Ее тело нетерпеливо, как будто она хочет, чтобы все было уже позади. Я больше не сдерживаюсь.
Все. Я осторожно отпускаю ее, боясь как-нибудь ей навредить, чуть ли не с надеждой, что она этого не заметит.
Но она замечает.
— Было прекрасно, — говорит она.
— Хорошо? Тебе было хорошо? — Я опустошен, и мне неловко.
— Достаточно хорошо, — отвечает она. — Не думай об этом.
— Это у меня первый раз, — признаюсь я.
— У меня тоже.
— А Катрине?
— Это совсем другое. Прошу тебя, не надо об этом.
Мы молчим, тесно прижавшись друг к другу.
— Да, мне было хорошо, — вдруг говорит она.
— Но разве это не опасно?
— Ты имеешь в виду опасность забеременеть? Нет, к счастью, мои родители врачи.
— Правда, ведь твоя мама гинеколог, — вспоминаю я, чувствуя себя дураком.
— Нет, это папа.
— Что папа?
— Это он позаботился, чтобы я не забеременела слишком рано.
— И что он сделал?
Она не отвечает.
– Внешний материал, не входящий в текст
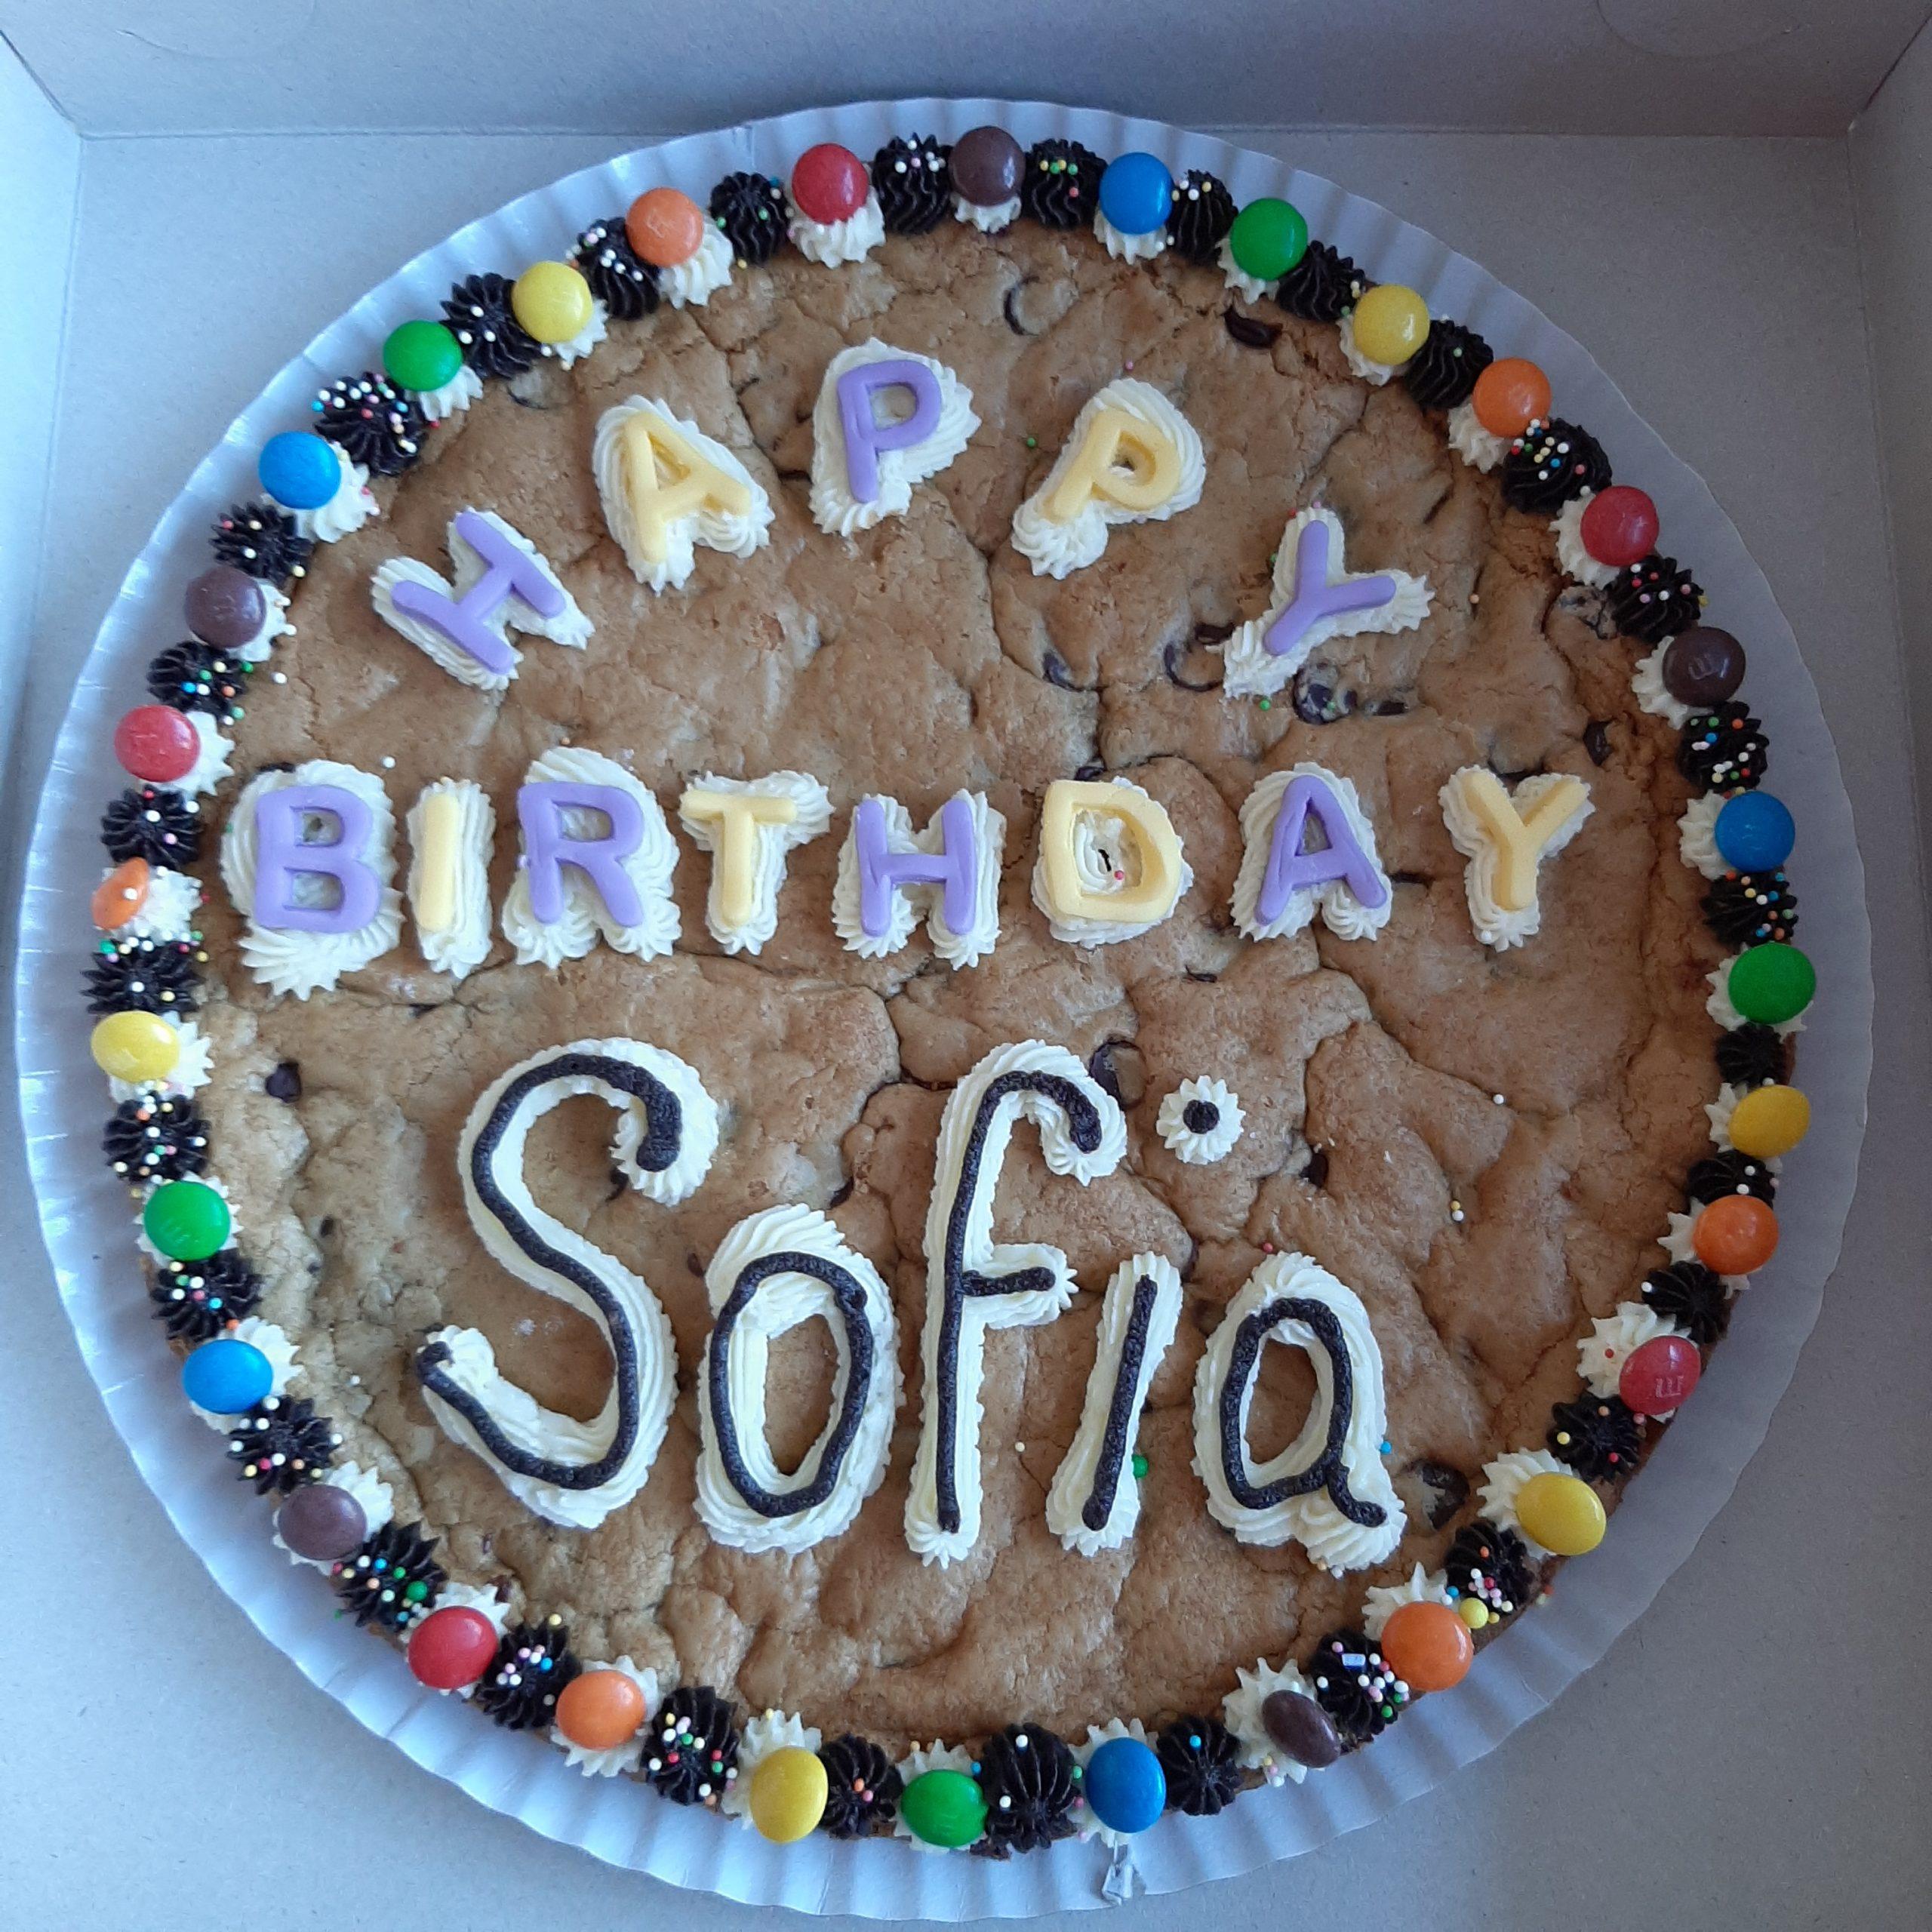 Happy Birthday Sofia cookie cake

А я не смею спрашивать. Только представляю себе. Маточное кольцо. Спираль. Ловкие профессиональные руки.
— Не будем об этом говорить, — просит она. — Мне было хорошо. И этого хватит. На сегодня. Не воображай себе никаких глупостей. Мы больше не будем вместе. Во всяком случае, еще очень долго. Сначала Равель. Я не должна рассеиваться. Сосредоточенность для меня все. Ты понимаешь?
Я быстро целую ее в щеку.
— Конечно, понимаю.
— Может, хочешь теперь попробовать мой салат?
Но я замечаю, как у меня поднимается тошнота.
— Нет, спасибо. Я не могу сейчас думать о еде.
— Как хочешь, — говорит она. Ее глаза глядят в потолок.
Мы лежим рядом друг с другом.
Я пережил больше, чем мог мечтать.
И все-таки мне грустно.
Обратно на МелумвейенБыло уже далеко за полночь, когда я не спеша поднимался по свежему снегу с Эльвефарет к своему дому. Мне не встретился ни один прохожий. Только мои собственные следы.
Что произошло? У меня чувство, как будто я кого-то предал. Но разве я предал Аню? Это должно было произойти не так. Все изменилось, и страна, которую я хотел завоевать и завоевал, оказалась без будущего.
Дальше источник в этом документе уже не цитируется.